Plusieurs intervenants ont souligné la nécessité de construire une Francophonie moins verticale, plus équitable et davantage centrée sur les préoccupations concrètes des citoyens africains. Le discours n’est plus celui d’une simple solidarité linguistique, mais celui d’une coopération stratégique axée sur la sécurité, le développement économique, l’intégration régionale et la stabilité institutionnelle. Cette transformation marque un basculement intellectuel au sein des élites politiques africaines francophones.

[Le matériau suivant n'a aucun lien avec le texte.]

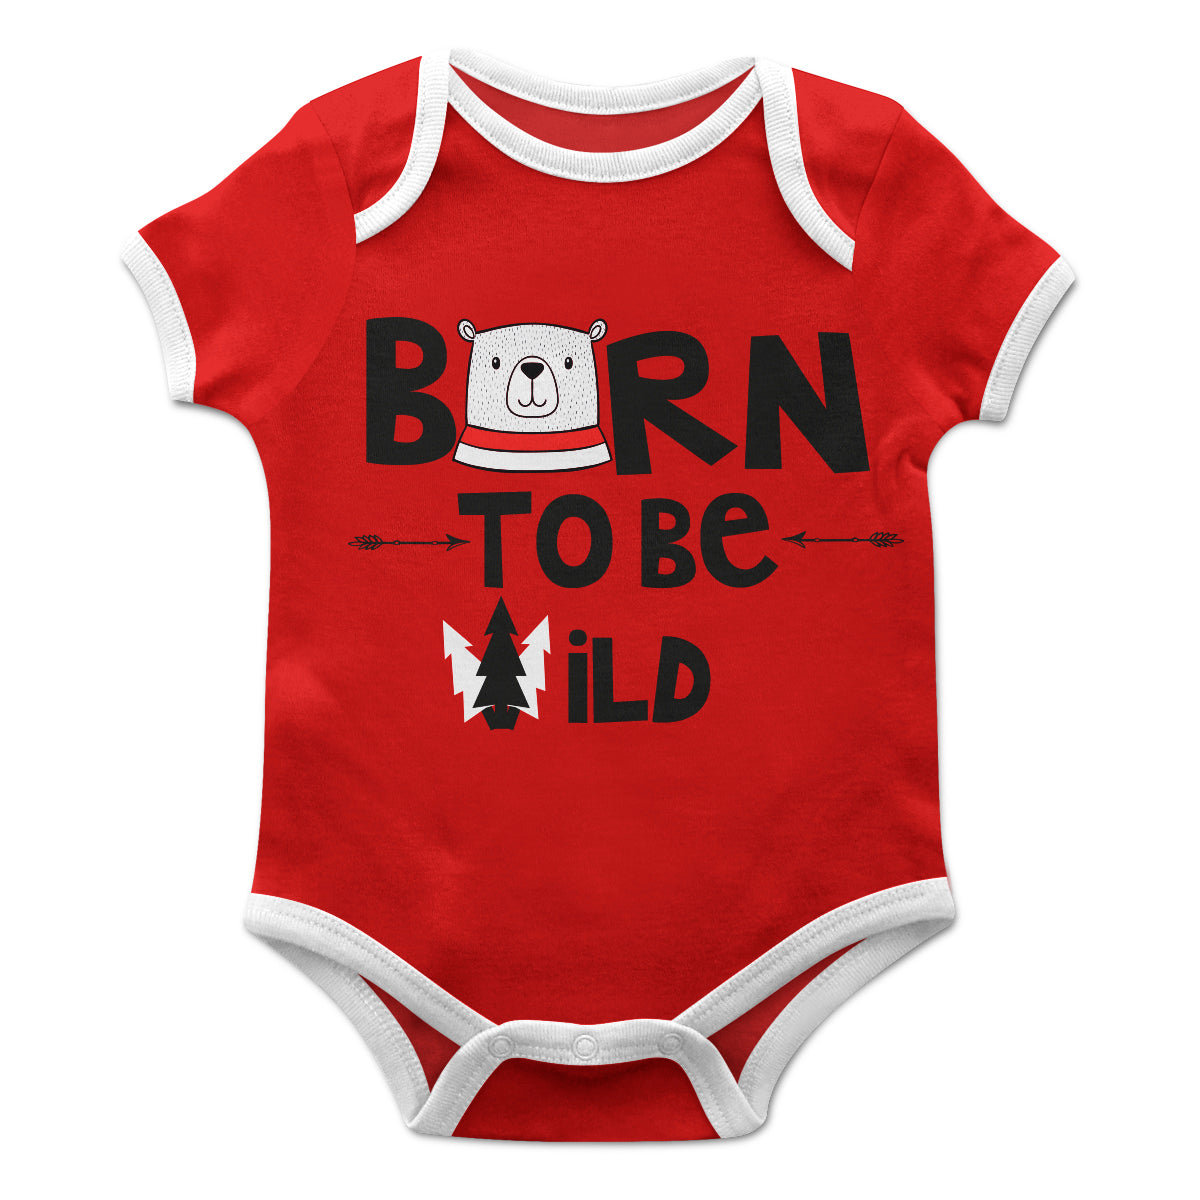 Boys red born to be wild short sleeve onesie - Wimziy&Co.

Dakar, symbole d’une Afrique francophone en pleine mutation
En accueillant cette 32e Assemblée régionale Afrique de l’APF, le Sénégal a confirmé sa volonté de s’imposer comme un acteur central de la nouvelle diplomatie africaine. Le pays cherche à allier stabilité institutionnelle, affirmation souveraine et leadership régional.
Le choix de Dakar comme capitale de cette réflexion n’est pas anodin. Il intervient dans un contexte où plusieurs pays africains redéfinissent leurs rapports aux anciennes puissances d’influence. Cette rencontre a marqué un tournant : l’Afrique francophone ne se contente plus de débattre de son avenir, elle commence à en redéfinir les contours avec une ambition renouvelée.
La Francophonie parlementaire africaine entre ainsi dans une nouvelle phase de son histoire. Une phase où les questions de souveraineté, de gouvernance démocratique et de puissance politique deviennent les piliers centraux. À Dakar, les parlementaires africains n’ont pas seulement discuté de l’avenir de la Francophonie : ils ont posé les bases d’une nouvelle ambition africaine.